Much of the evolution on aviation protective clothing resulted from the accelerated developments in the human-driven air defense capability of nations. Wars, particularly the last two world wars, significantly speeded up the development of protective flying suits in parallel with a similar developmental speed in aircraft technology, essentially beyond the motorist clothing where flight clothing used to regard as inspiration and even as clothing source (Rood, 2014). Since the beginning of the flight clothing history, protective apparel technology had to improve in its capability to maintain the aircrew’s combat effectiveness and even advantage. Consequently, during the early years of combat aviation, the developments of protective clothing technology for aviators were primarily reactive.

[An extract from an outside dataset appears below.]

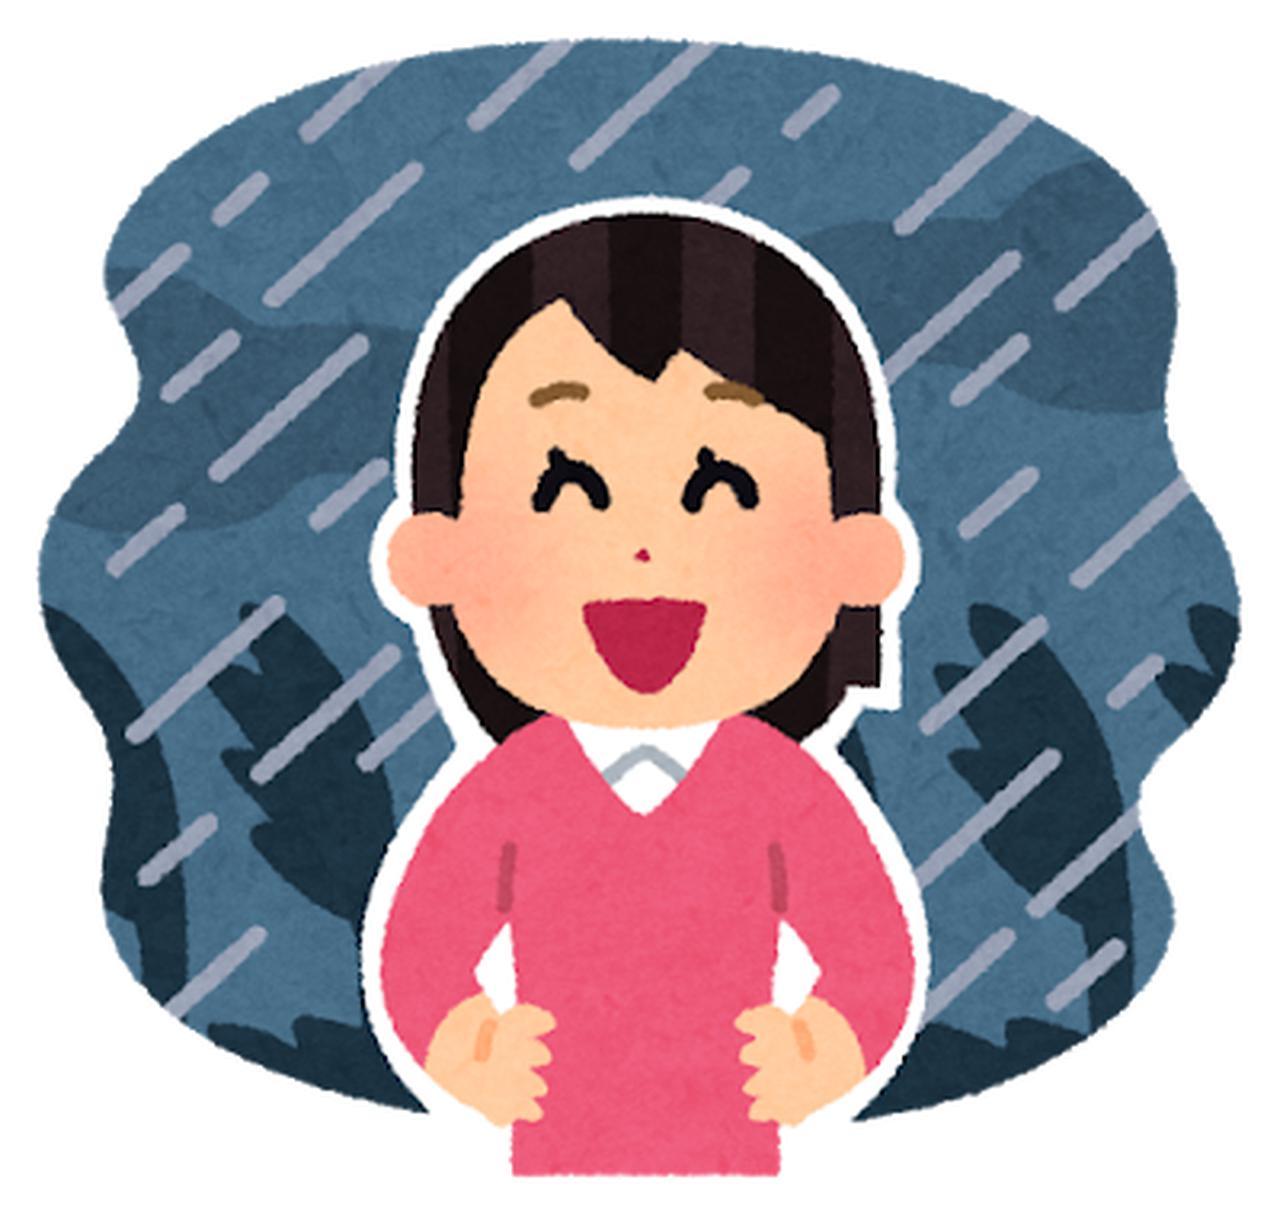 画像: 「雨でもなんとかなる」は非常に危険な考え方です
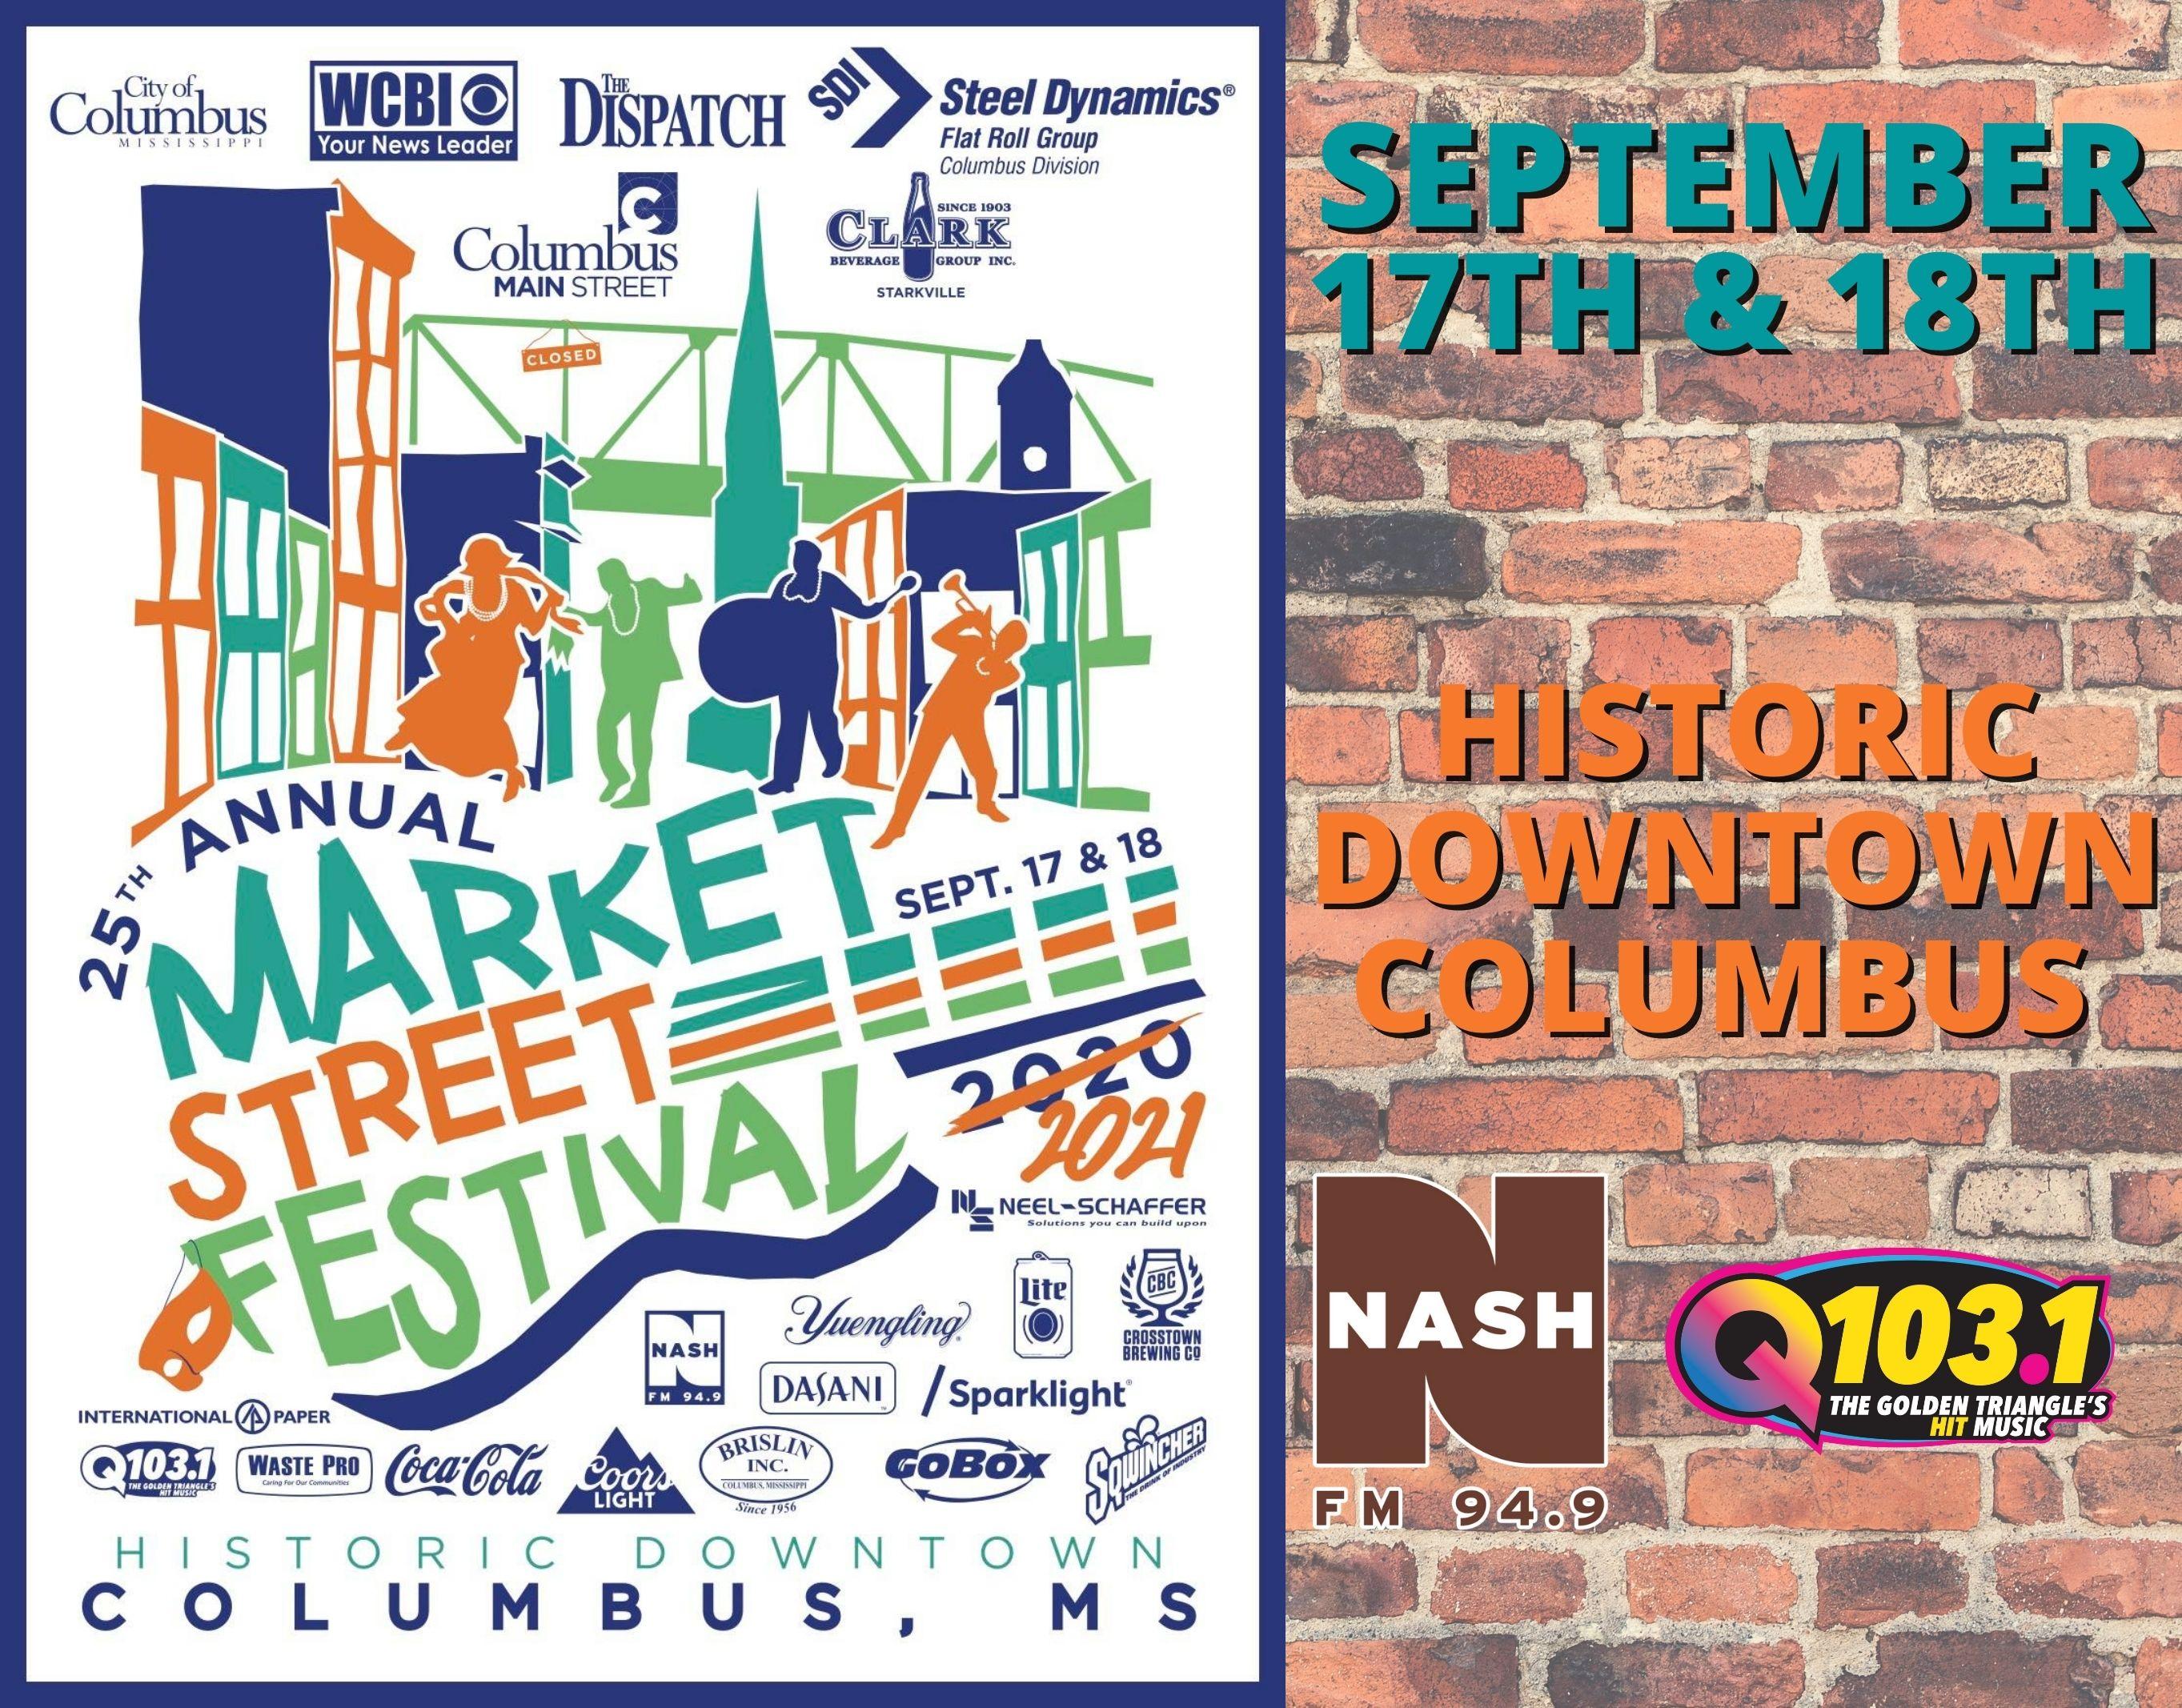 Market Street Festival-Sept 17 & 18

Today, however, the growth in commercial aviation provides a different environmental context than was not present in the early years of aviation from which the use of protective flight clothing originated. The branching of aviation from combat to commercial consequently affects the need for protective flight uniforms among pilots. It is clear though that the focus on protective flight clothing remained in combat aviation and unheard of in commercial aviation. Moreover, occupational health and safety guidelines require other service occupations, such as non-aviation military personnel, factory workers, and even sports drivers, to wear protective clothing as their basic uniform or as a covering to their standard uniforms.
Thus, it becomes logical to wonder over this lack of utilization for protective flight clothing among commercial pilots, considering the physical hazards of the profession in the event of crashes, which can take their lives. Is it a decision made by the airline management or by the commercial pilots themselves? This Capstone Project aims to explore the protective flight clothing industry, particularly in relation to aviation history and to the context of commercial airline use.
2.0 ORGANIZATON OF THE PAPER
Finally, Part IV will explore the future prospects of aviation protective uniforms in the context of the market and segment and of commercial aviation as well. This will include a discussion on the factors that may determine adoption of protective flight uniforms in the commercial aviation industry.
LITERATURE REVIEW
ADVANTAGES AND DISADVANTAGES OF PROTECTIVE FLIGHT CLOTHING
Advantages of aviation protective uniforms
Protect pilots from physical harm against various physical threats (Rood, 2014). This is often applicable to combat pilots; although terrorist acts also expose civil pilots;
Shield and isolate the pilots from chemical, physical, and biological hazards encountered, especially in hijacks where perpetrators use any of these weapons (Mueller, 2015);
Protect pilots’ ability to fly and communicate effectively (Rood, 2014), particularly when weather or biological hazards are involved;
Ensure continuing mental agility (Rood, 2014) as a consequence of physical protection;
When used as pilot uniforms, protective clothing conveys professionalism, competence, and experience (Pride, et al., 2012)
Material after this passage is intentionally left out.